太陽は僕らの敵 - 2
分かりません。
私は美少女ではないので説明できません。根拠不明の経験則というだけの話です。
ま、それはそれとして。
「ええ聴きますとも、そんな『勝負服』で何処へ行ってらっしゃたのか」
制服とは違うワンピースの悠弐子さん、全身白系の上品なコーディネイトで、肩には目を惹くストロベリーピンクのショート丈ボレロカーディガン。

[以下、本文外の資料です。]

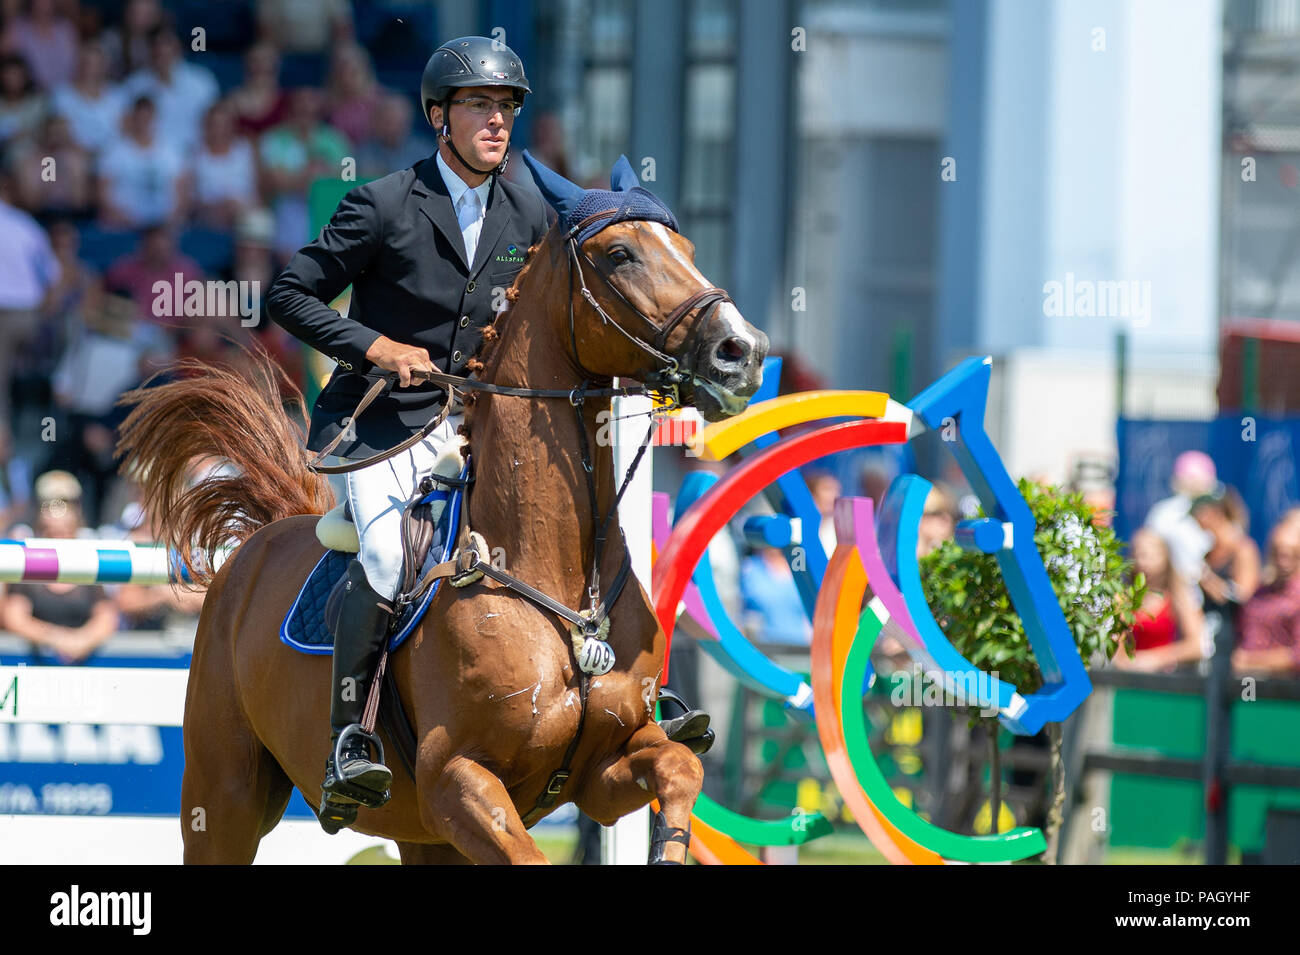 Aachen, Germany. July 22, 2018 - Michael KOLZ (GER) riding DSP Anpowikapi during the Rolex Grand Prix - CHIO Aachen 2018. Aachen, Germany, July 22th 2018. (Credit Image: © AFP7 via ZUMA Wire) Stock Photo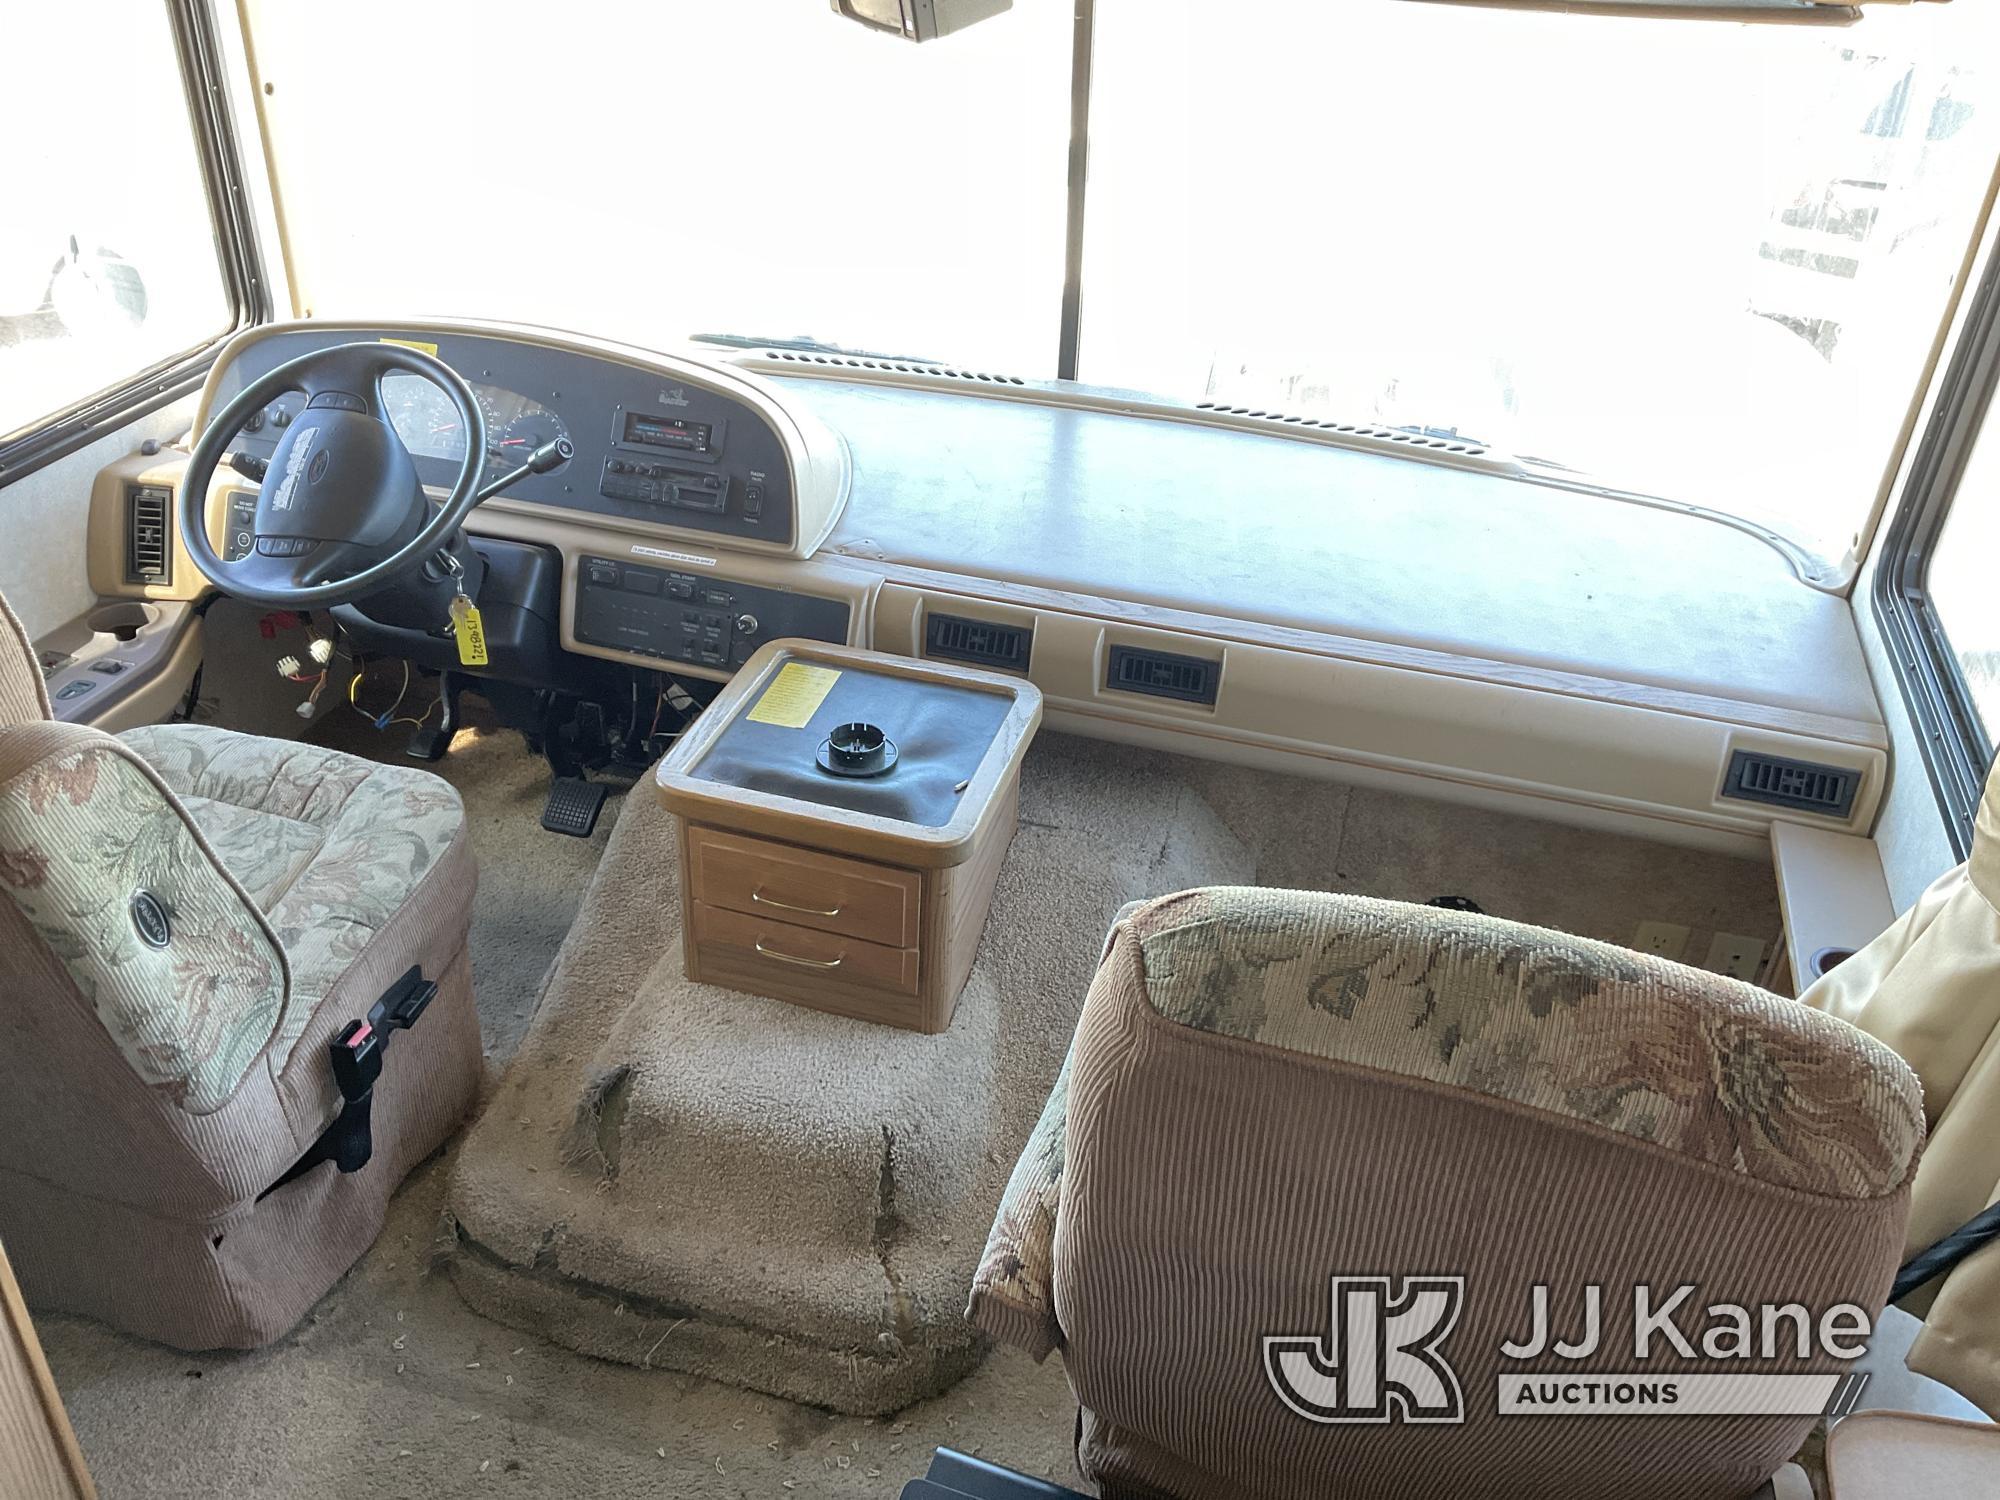 (Dixon, CA) 1999 Ford Bounder 34V RV Motor Home Runs & Moves, Needs Jump To Start, Only Runs with Ju

う~んアサシン。チェリーボーイは指先一つでダウン確定の殺し屋スタイルですよ。
結婚式で友人の晴れ姿を見せつけられるのも癪だから新郎の友人を本気で引っ掛けに来ている適齢期女子的な気合の入り方です。婚姻届を胸に認めた恋愛特攻隊、彼女が着るに相応しい特攻服です。
なのに、
「結婚前提のデートにしては随分とお早いお帰りでは?」
プレミアムフライデーに合わせて午後すっぽかしたのに、部活の時間に間に合ってますが?
「……もうね、知的好奇心以前の問題よ……」
肩を竦め、首をふる悠弐子さん。大きな溜息。
「車で迎えに来たのよ、そいつ」
「はい」
「そいつがまたさ!」
「何か問題でも?」
車が存外ボロかったとか、あるいは顔が好みじゃなかったとか?
「ずっと弄りっぱなしだったの! ナビを!」
「慣れない機体だったんぞな。レンタカー(借り物)ならば」
歴戦の勇士が新兵を嗤うみたいな笑みでB子ちゃん。そりゃ機械いじりなら男の子にも負けない貴女なら、シニカルに笑い飛ばせる問題でしょうけど……男子にとっては笑い事じゃないですよ?
だって、この悠弐子さんですよ?
男子も女子も恐れ慄いて誰も近づかないほどの美女がデートに応じてくれるとか、夢みたいなチャンスじゃないですか? 帝や将軍の御成りを迎える貴族大名並みに緊張しますよ。よもや粗相があれば切腹の上、お家取り潰しも覚悟せねばならないくらいの事態に匹敵します。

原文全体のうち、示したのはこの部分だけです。